From the records below, output exactly the lines running from the line containing "foodrush vegan breakfast" through the line containing "LG G Pad 8.0 4G - promocja zakończona!", and no others.

**Provided information:**
============

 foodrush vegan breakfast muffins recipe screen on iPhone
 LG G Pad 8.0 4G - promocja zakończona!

============

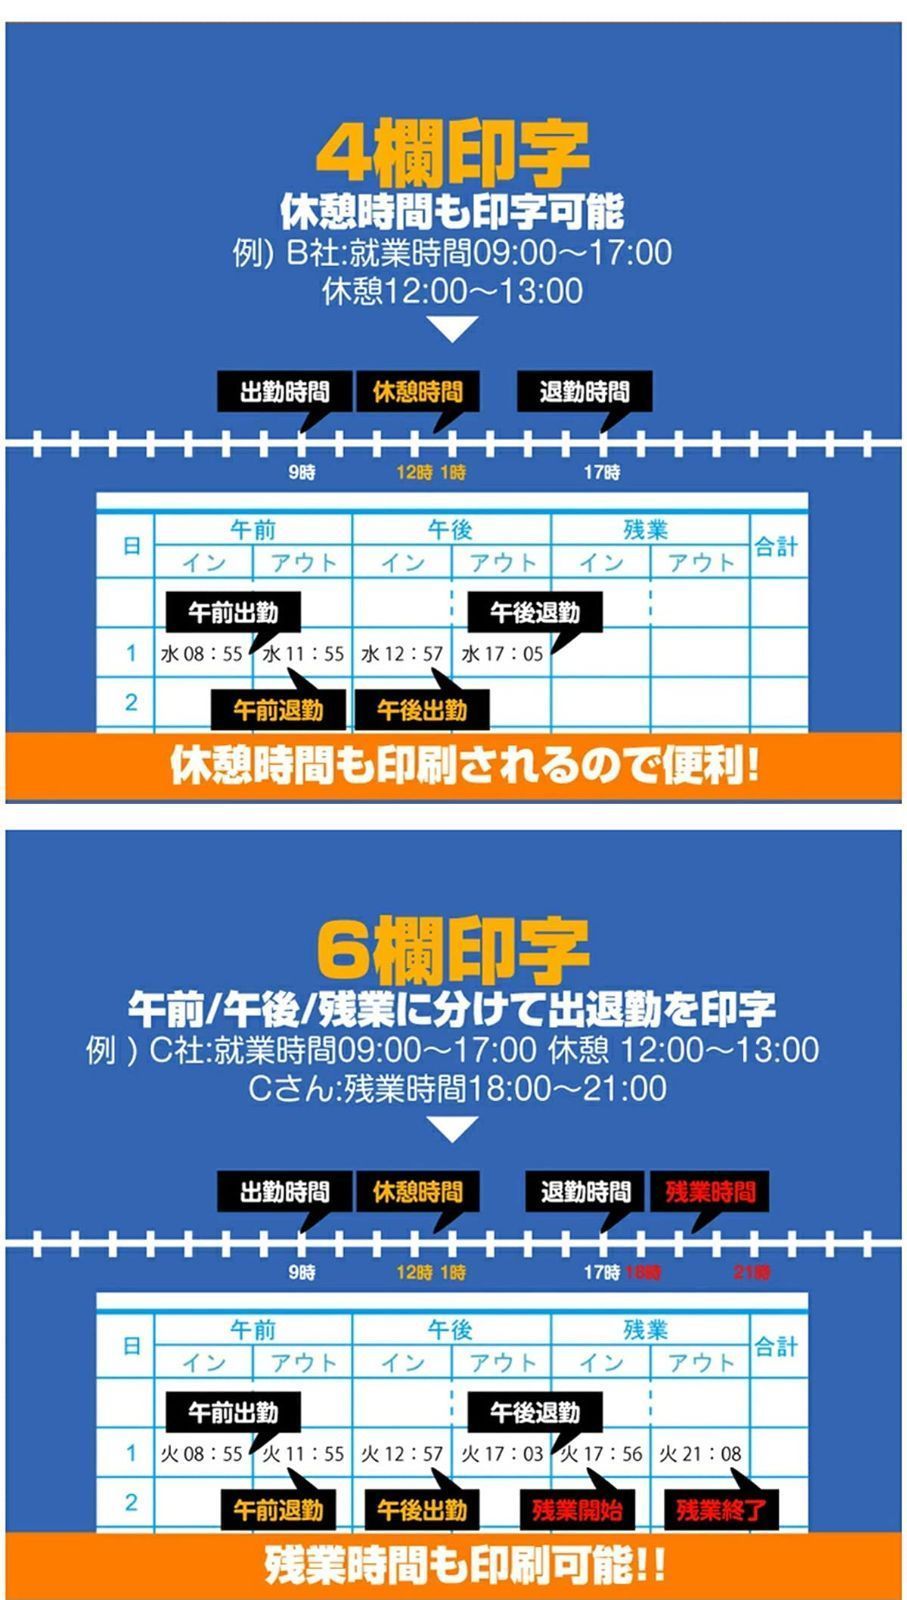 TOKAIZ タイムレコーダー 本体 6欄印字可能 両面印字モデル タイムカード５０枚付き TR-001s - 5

============

**Solution:**
 foodrush vegan breakfast muffins recipe screen on iPhone
 LG G Pad 8.0 4G - promocja zakończona!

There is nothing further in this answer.